INPUT FOR THIS TASK:
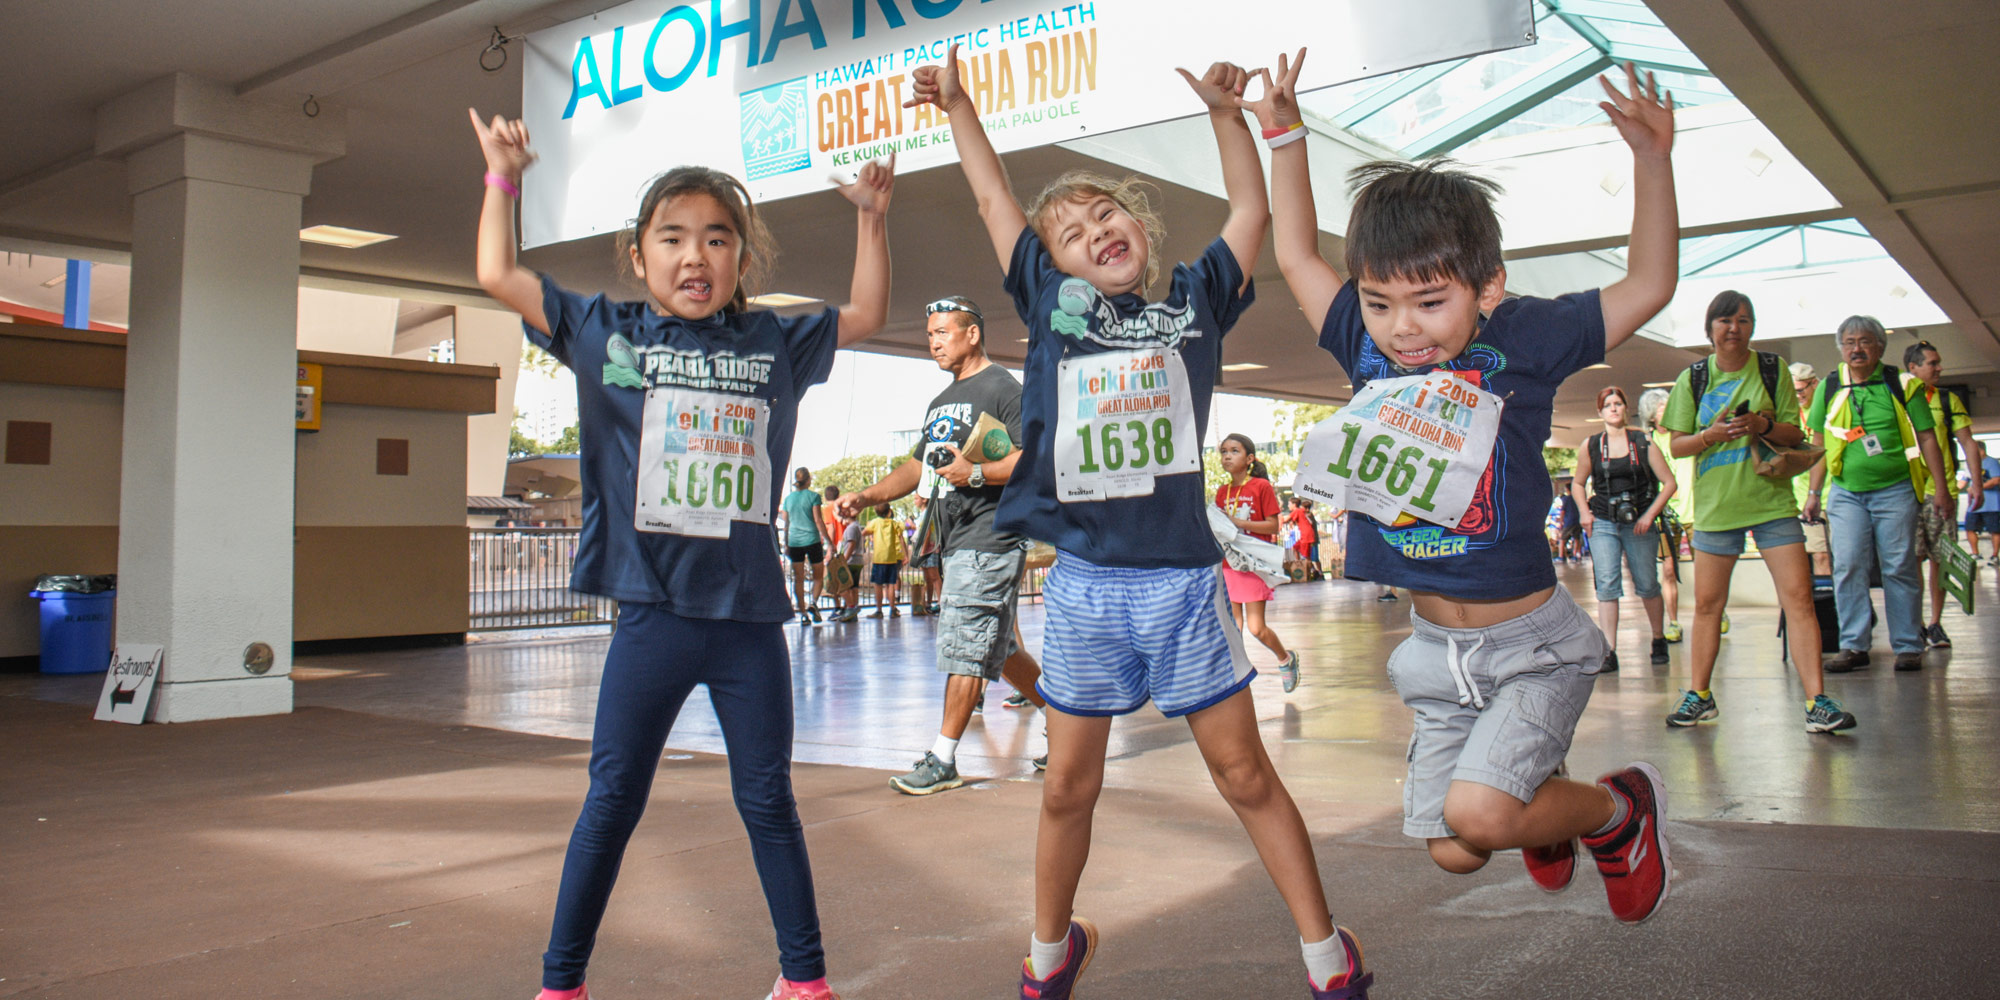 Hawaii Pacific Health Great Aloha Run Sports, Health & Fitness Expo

==

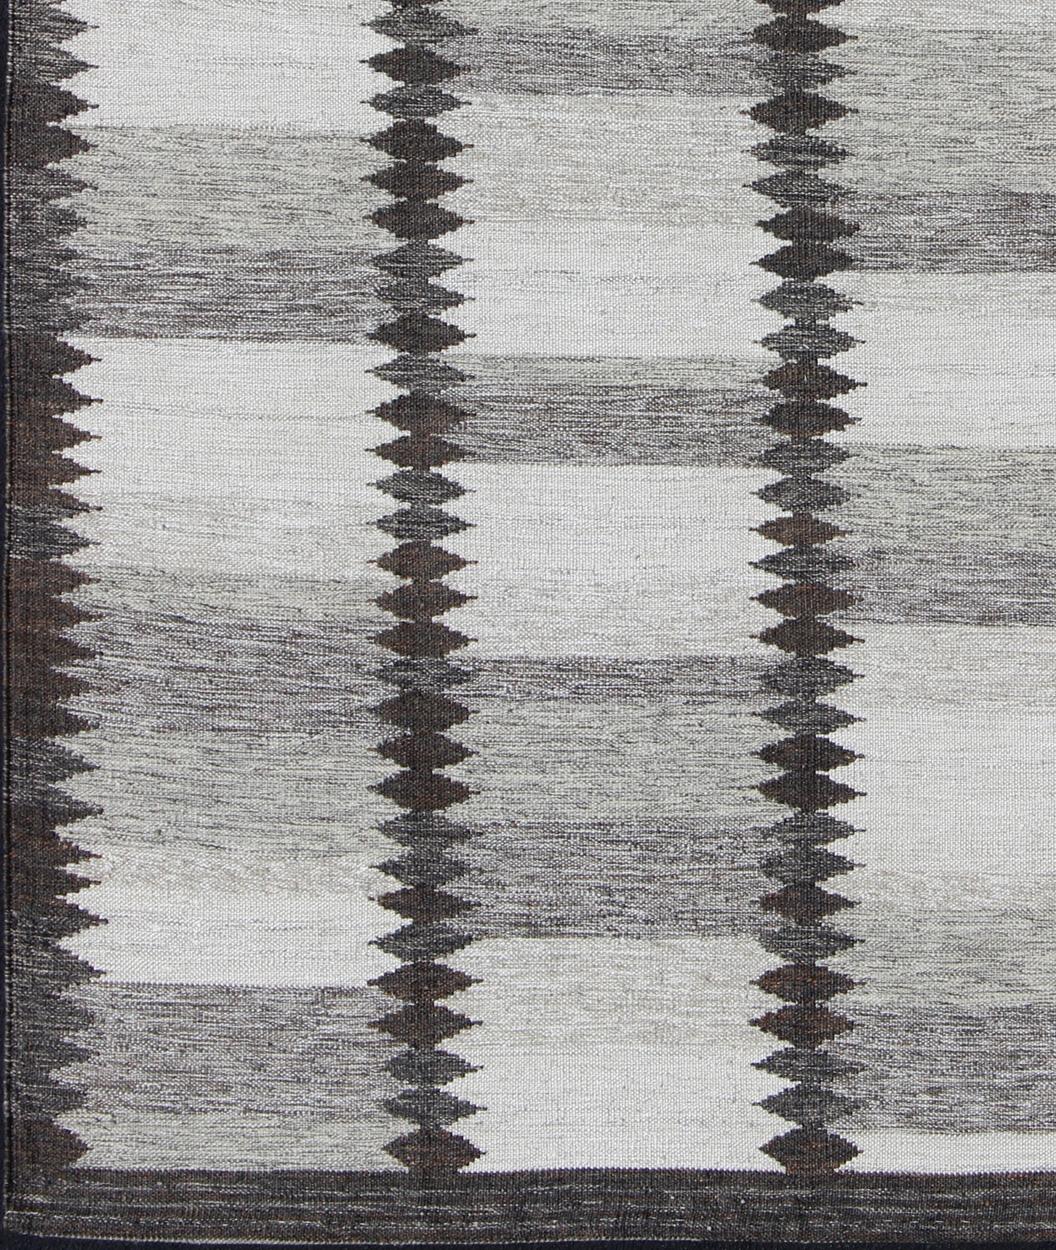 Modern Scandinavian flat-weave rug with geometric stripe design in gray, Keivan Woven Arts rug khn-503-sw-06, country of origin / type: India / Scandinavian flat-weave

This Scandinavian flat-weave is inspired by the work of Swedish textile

EXERCISE AIM:
With the pictures removed, print only the lines starting at the line that has "Modern Scandinavian flat-weave" and ending at the line that has "This Scandinavian flat-weave", both ends included, exactly as they stand above.

SOLUTION TO THE EXERCISE:
 Modern Scandinavian flat-weave rug with geometric stripe design in gray, Keivan Woven Arts rug khn-503-sw-06, country of origin / type: India / Scandinavian flat-weave

This Scandinavian flat-weave is inspired by the work of Swedish textile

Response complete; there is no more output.